Instructions to follow:
Return each line of the listing below, unchanged, and omit the images.

====== Data segment

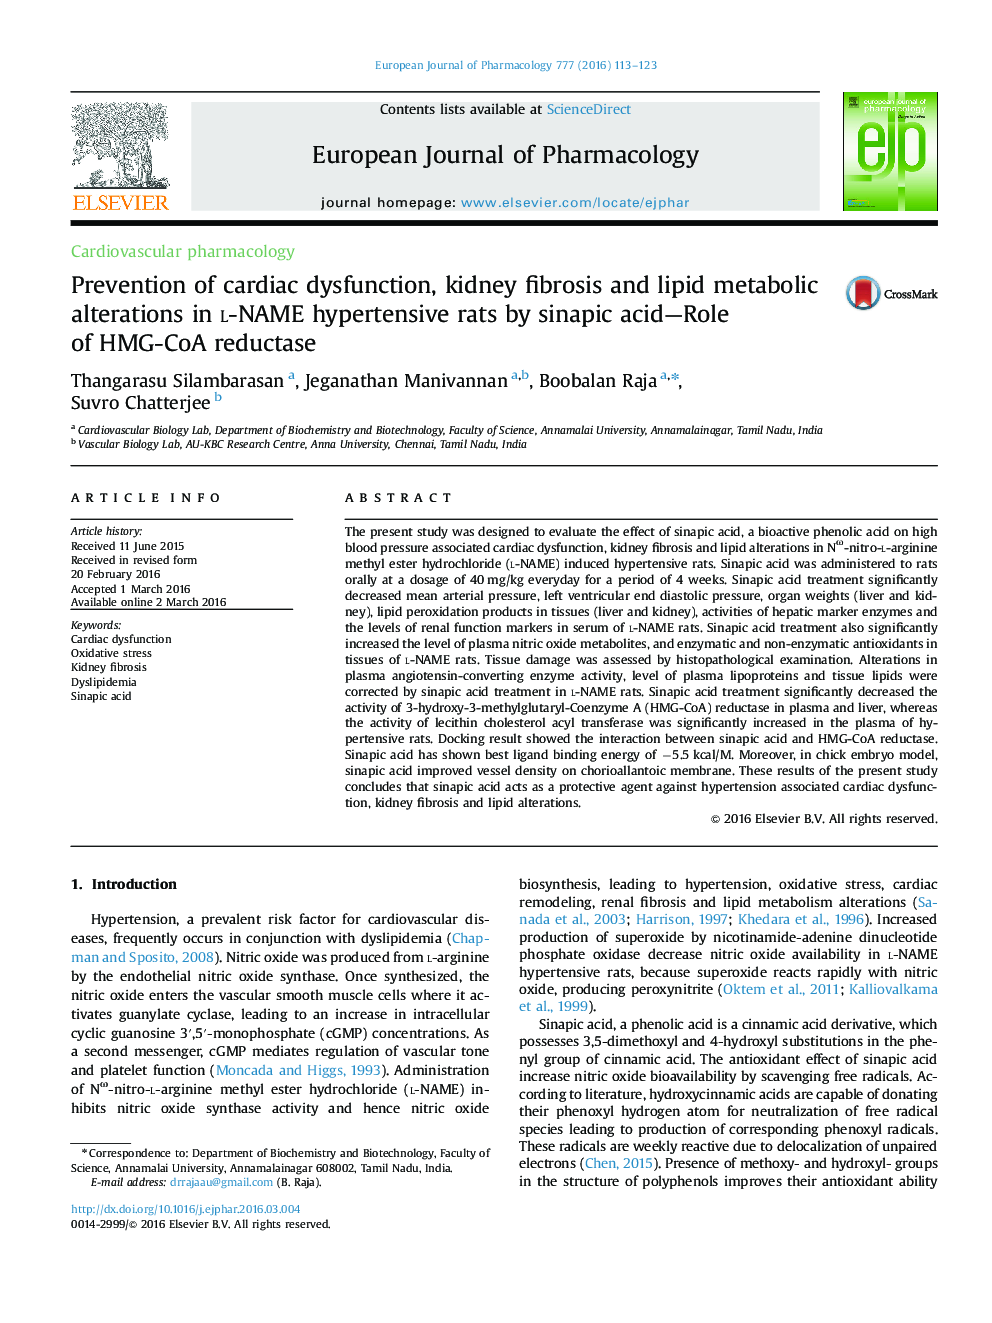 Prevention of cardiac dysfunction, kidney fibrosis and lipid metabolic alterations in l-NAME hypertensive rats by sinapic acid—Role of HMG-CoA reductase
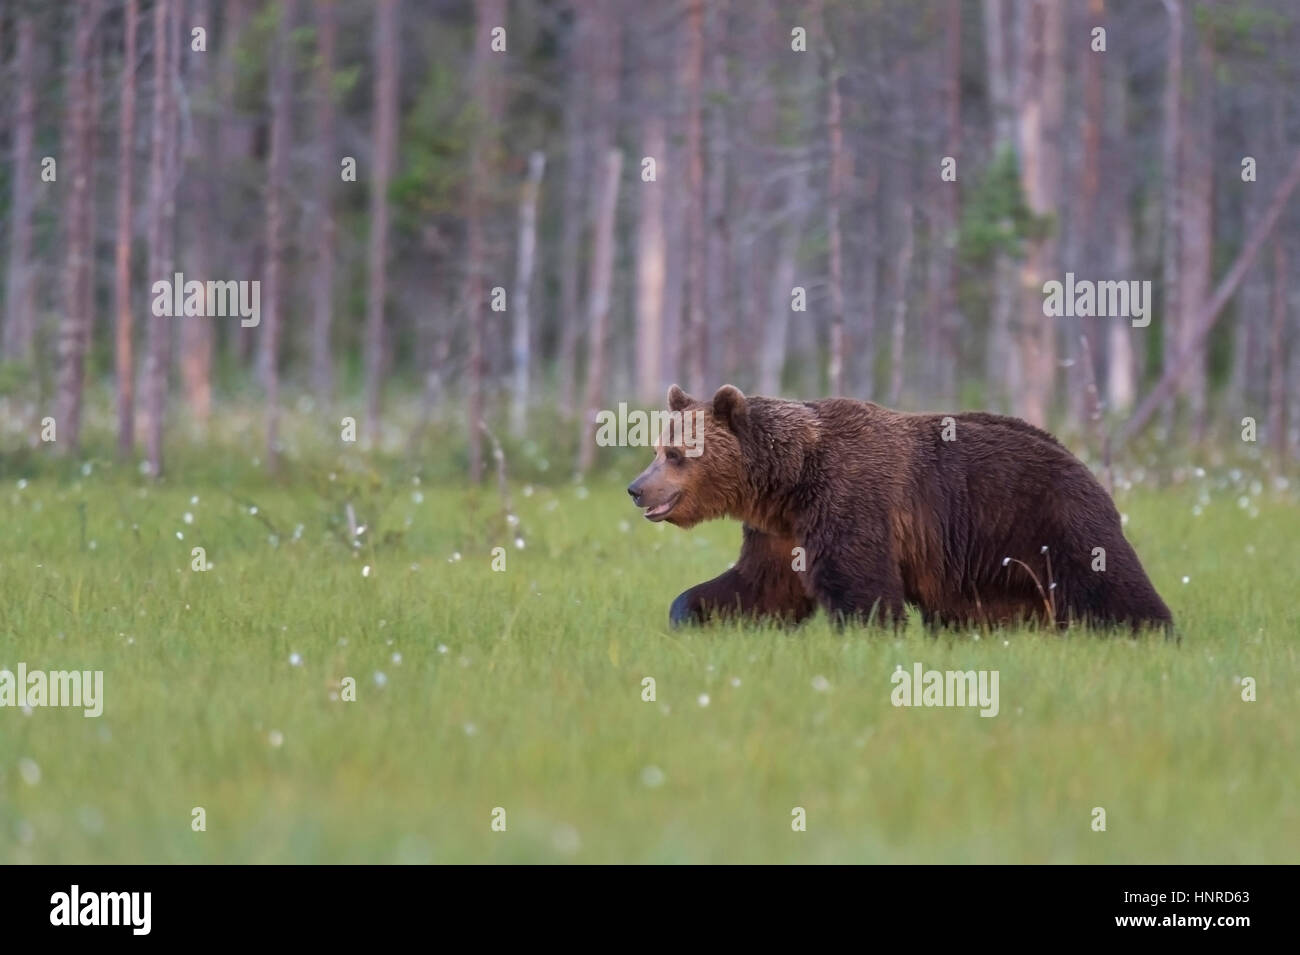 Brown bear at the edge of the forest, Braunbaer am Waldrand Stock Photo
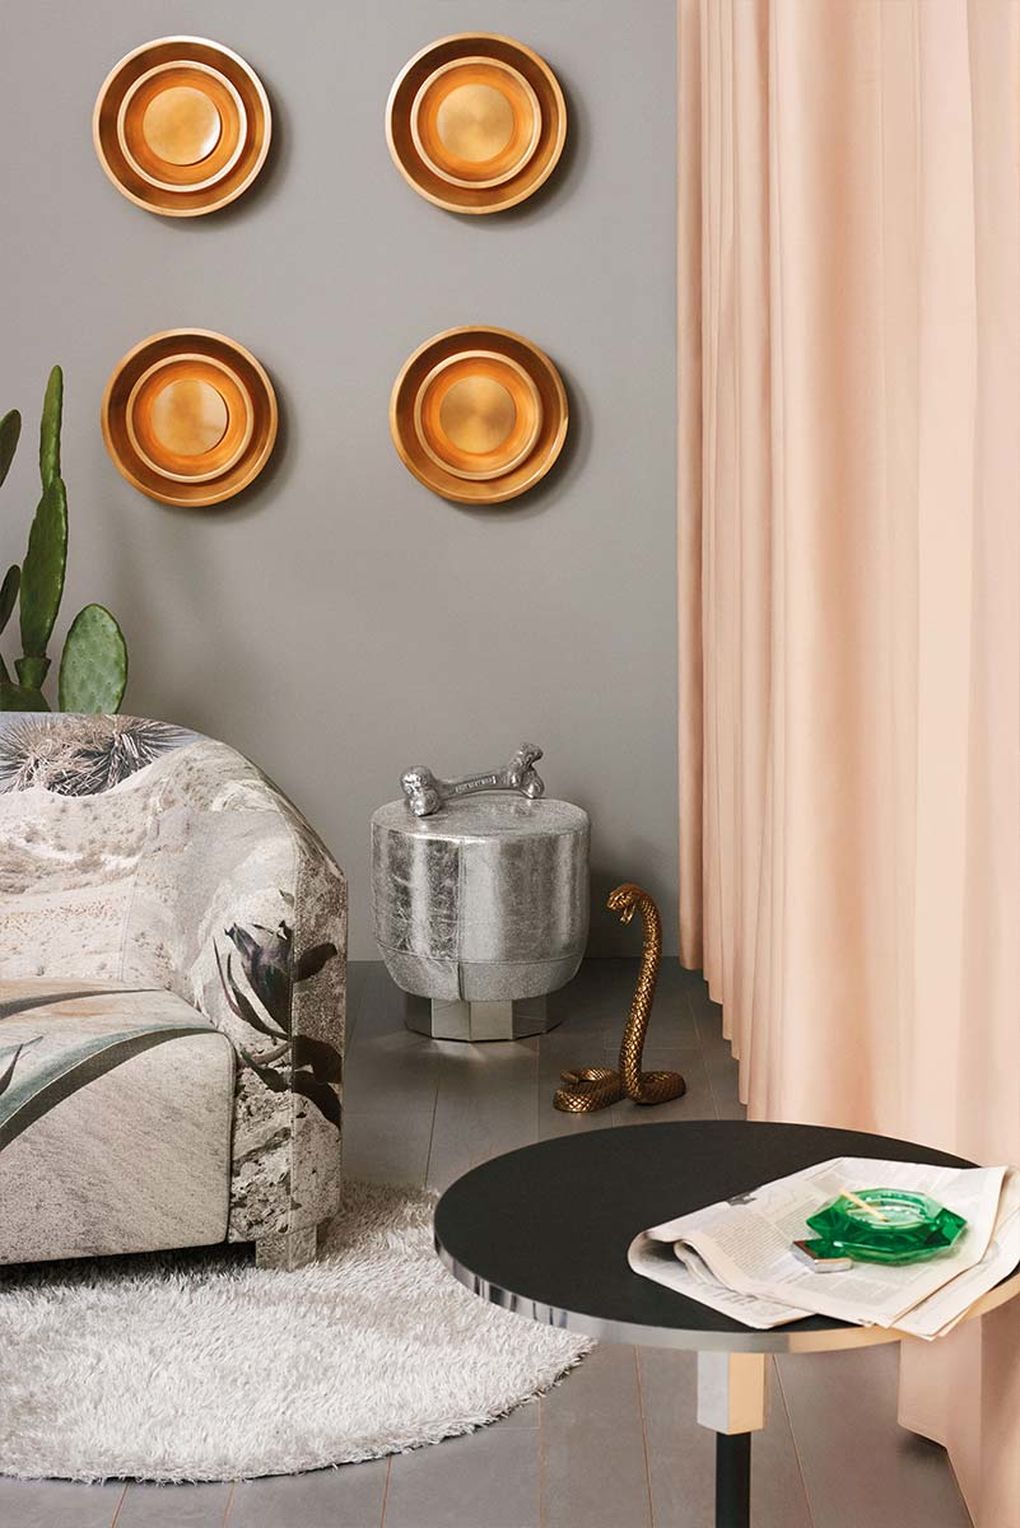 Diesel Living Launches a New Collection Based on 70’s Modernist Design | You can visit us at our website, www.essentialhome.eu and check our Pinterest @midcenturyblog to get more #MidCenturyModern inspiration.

============

Task response:
 Prevention of cardiac dysfunction, kidney fibrosis and lipid metabolic alterations in l-NAME hypertensive rats by sinapic acid—Role of HMG-CoA reductase
 Brown bear at the edge of the forest, Braunbaer am Waldrand Stock Photo
 Diesel Living Launches a New Collection Based on 70’s Modernist Design | You can visit us at our website, www.essentialhome.eu and check our Pinterest @midcenturyblog to get more #MidCenturyModern inspiration.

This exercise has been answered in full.